Task requirements: Please repeat, without alteration, the line containing "Primera página del" and every line that follows it to the end of the entries below, and only those lines.
---------- Stored data ----------
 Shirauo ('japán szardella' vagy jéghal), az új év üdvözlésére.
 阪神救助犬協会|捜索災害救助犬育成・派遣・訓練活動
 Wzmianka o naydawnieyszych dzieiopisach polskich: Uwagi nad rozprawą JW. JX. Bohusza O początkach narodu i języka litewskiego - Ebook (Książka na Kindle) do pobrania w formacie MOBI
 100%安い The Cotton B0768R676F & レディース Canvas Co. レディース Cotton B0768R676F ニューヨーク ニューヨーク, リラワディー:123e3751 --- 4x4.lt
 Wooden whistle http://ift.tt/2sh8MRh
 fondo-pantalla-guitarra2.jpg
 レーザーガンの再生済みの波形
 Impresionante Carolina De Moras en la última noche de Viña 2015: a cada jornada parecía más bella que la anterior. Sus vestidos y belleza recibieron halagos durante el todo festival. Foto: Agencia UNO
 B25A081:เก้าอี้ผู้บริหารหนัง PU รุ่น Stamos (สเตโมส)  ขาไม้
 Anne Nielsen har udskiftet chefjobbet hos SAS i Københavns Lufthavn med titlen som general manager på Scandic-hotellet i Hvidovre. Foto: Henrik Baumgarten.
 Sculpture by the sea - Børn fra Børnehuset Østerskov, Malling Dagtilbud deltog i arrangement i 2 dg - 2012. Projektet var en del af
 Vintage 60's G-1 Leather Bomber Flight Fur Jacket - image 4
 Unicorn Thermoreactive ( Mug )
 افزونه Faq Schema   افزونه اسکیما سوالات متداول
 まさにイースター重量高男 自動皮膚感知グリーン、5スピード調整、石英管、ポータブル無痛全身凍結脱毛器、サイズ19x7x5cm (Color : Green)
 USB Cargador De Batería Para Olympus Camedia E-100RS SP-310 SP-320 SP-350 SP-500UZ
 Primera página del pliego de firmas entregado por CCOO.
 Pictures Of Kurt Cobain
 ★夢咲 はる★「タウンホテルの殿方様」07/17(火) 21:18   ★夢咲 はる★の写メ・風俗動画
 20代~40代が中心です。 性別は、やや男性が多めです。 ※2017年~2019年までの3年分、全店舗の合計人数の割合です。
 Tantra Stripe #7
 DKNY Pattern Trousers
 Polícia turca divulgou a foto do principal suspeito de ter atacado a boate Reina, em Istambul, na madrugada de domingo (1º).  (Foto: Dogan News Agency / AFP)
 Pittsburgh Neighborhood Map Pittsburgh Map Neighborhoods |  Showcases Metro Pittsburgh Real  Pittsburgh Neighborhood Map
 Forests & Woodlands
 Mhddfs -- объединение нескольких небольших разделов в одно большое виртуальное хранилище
----------
Output below:
 Primera página del pliego de firmas entregado por CCOO.
 Pictures Of Kurt Cobain
 ★夢咲 はる★「タウンホテルの殿方様」07/17(火) 21:18   ★夢咲 はる★の写メ・風俗動画
 20代~40代が中心です。 性別は、やや男性が多めです。 ※2017年~2019年までの3年分、全店舗の合計人数の割合です。
 Tantra Stripe #7
 DKNY Pattern Trousers
 Polícia turca divulgou a foto do principal suspeito de ter atacado a boate Reina, em Istambul, na madrugada de domingo (1º).  (Foto: Dogan News Agency / AFP)
 Pittsburgh Neighborhood Map Pittsburgh Map Neighborhoods |  Showcases Metro Pittsburgh Real  Pittsburgh Neighborhood Map
 Forests & Woodlands
 Mhddfs -- объединение нескольких небольших разделов в одно большое виртуальное хранилище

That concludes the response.